Collection entries ->
Segment Open

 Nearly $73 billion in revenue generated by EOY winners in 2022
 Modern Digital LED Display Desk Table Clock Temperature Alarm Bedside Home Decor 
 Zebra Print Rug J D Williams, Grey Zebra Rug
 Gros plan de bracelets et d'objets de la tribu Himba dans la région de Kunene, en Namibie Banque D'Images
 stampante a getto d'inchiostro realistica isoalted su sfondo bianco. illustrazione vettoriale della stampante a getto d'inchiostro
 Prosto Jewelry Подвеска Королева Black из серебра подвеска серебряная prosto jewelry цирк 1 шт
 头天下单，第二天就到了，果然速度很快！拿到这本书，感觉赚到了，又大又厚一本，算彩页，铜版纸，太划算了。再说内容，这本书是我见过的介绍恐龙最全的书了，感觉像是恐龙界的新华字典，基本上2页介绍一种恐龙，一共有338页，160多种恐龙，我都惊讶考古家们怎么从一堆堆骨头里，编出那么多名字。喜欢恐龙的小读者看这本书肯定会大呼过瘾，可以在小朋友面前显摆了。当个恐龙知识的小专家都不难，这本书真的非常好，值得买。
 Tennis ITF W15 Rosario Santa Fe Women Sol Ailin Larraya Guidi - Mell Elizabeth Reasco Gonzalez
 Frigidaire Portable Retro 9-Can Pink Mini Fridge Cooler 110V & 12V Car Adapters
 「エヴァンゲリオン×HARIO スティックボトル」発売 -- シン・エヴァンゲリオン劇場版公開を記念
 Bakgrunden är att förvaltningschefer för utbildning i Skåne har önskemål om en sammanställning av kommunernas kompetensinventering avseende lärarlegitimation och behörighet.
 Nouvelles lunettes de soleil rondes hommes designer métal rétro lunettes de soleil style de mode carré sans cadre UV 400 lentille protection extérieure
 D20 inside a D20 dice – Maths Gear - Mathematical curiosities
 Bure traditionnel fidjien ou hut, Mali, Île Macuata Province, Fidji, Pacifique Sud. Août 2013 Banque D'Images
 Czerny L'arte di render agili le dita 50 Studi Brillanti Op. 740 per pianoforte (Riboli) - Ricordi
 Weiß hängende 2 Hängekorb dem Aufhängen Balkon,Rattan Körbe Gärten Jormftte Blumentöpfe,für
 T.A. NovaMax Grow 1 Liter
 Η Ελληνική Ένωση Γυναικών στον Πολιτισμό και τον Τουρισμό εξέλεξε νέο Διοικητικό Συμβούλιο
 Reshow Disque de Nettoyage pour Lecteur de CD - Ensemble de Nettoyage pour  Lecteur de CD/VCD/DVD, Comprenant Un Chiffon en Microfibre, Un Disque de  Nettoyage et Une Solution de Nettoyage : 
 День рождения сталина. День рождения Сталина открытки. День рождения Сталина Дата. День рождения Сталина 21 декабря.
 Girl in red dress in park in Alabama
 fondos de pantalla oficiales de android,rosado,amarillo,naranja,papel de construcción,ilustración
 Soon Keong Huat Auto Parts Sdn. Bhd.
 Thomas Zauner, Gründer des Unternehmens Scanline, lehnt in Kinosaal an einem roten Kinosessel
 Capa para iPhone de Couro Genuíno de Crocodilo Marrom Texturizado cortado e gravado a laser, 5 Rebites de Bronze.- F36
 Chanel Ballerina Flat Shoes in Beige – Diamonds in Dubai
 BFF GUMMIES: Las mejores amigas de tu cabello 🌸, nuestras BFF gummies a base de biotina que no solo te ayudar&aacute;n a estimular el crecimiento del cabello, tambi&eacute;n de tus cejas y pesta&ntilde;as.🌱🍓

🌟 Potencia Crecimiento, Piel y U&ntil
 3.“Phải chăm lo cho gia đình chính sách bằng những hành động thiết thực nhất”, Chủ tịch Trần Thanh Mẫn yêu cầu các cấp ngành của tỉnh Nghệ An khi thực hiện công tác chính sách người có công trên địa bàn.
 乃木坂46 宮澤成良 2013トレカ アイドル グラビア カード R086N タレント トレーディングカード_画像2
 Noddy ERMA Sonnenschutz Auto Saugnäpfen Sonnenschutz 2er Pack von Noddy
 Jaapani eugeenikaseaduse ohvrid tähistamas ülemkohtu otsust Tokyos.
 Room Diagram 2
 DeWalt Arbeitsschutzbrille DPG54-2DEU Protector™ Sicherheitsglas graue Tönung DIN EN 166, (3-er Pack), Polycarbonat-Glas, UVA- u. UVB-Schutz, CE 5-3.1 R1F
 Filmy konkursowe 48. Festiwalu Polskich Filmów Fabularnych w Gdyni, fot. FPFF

Segment Closed

Task to carry out -> All lines from the one that contains "trên địa bàn." to the end of the records above are to be copied exactly; leave out the rest.

Output for this task ->
 3.“Phải chăm lo cho gia đình chính sách bằng những hành động thiết thực nhất”, Chủ tịch Trần Thanh Mẫn yêu cầu các cấp ngành của tỉnh Nghệ An khi thực hiện công tác chính sách người có công trên địa bàn.
 乃木坂46 宮澤成良 2013トレカ アイドル グラビア カード R086N タレント トレーディングカード_画像2
 Noddy ERMA Sonnenschutz Auto Saugnäpfen Sonnenschutz 2er Pack von Noddy
 Jaapani eugeenikaseaduse ohvrid tähistamas ülemkohtu otsust Tokyos.
 Room Diagram 2
 DeWalt Arbeitsschutzbrille DPG54-2DEU Protector™ Sicherheitsglas graue Tönung DIN EN 166, (3-er Pack), Polycarbonat-Glas, UVA- u. UVB-Schutz, CE 5-3.1 R1F
 Filmy konkursowe 48. Festiwalu Polskich Filmów Fabularnych w Gdyni, fot. FPFF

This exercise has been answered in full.